▶ Record set:
________

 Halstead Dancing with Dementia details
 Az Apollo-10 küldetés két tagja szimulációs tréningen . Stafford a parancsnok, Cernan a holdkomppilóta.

________

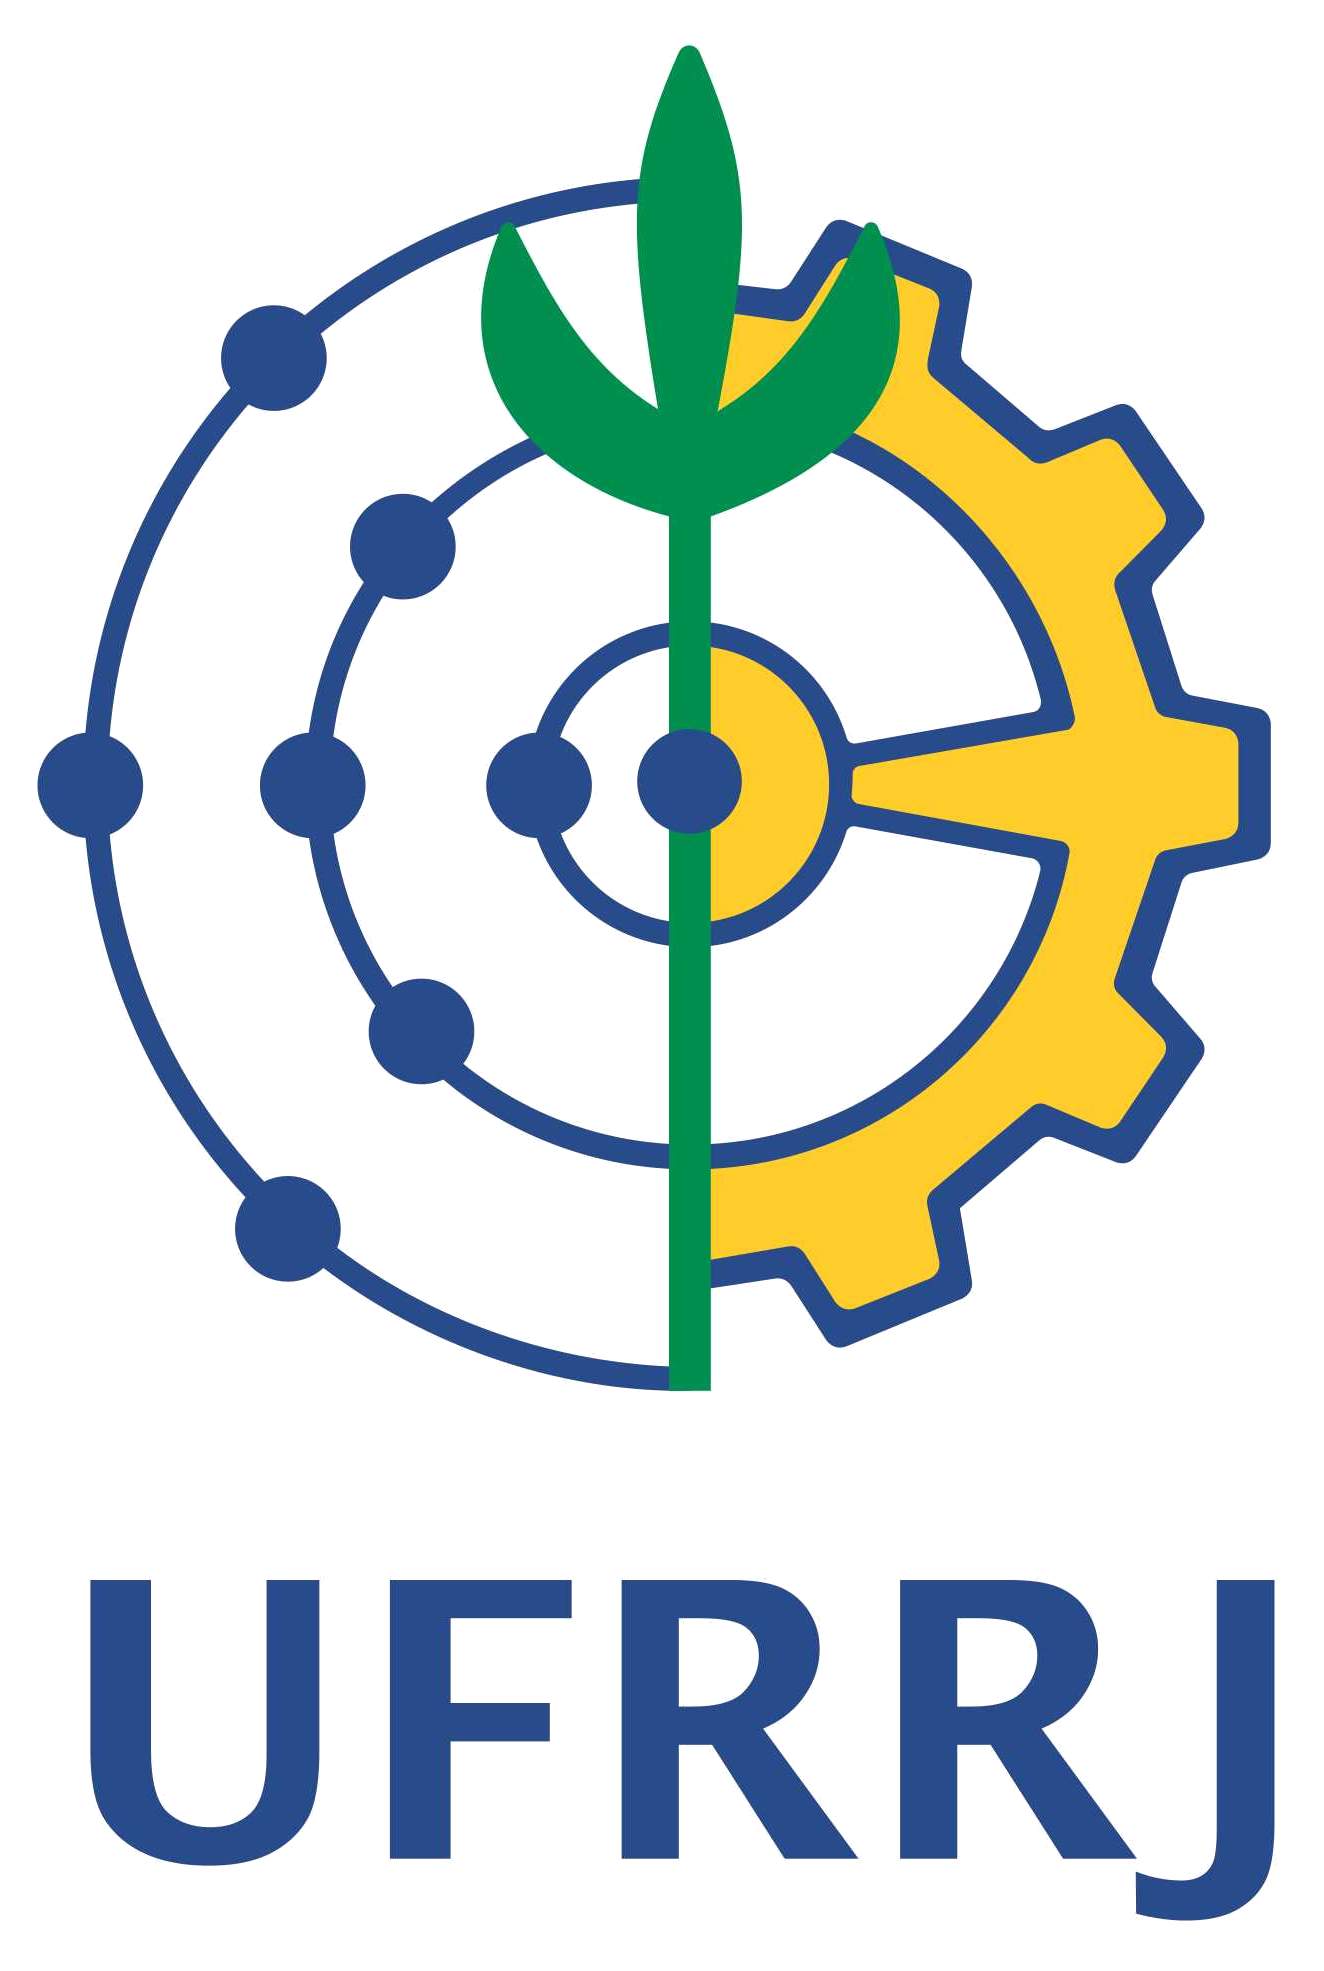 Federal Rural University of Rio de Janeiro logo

________

▶ What this task involves:
In the listing above, find the line containing "Halstead Dancing with Dementia details" and the line containing "Az Apollo-10 küldetés", then quote both, plus every line between them, exactly as written.

▶ Response area:
 Halstead Dancing with Dementia details
 Az Apollo-10 küldetés két tagja szimulációs tréningen . Stafford a parancsnok, Cernan a holdkomppilóta.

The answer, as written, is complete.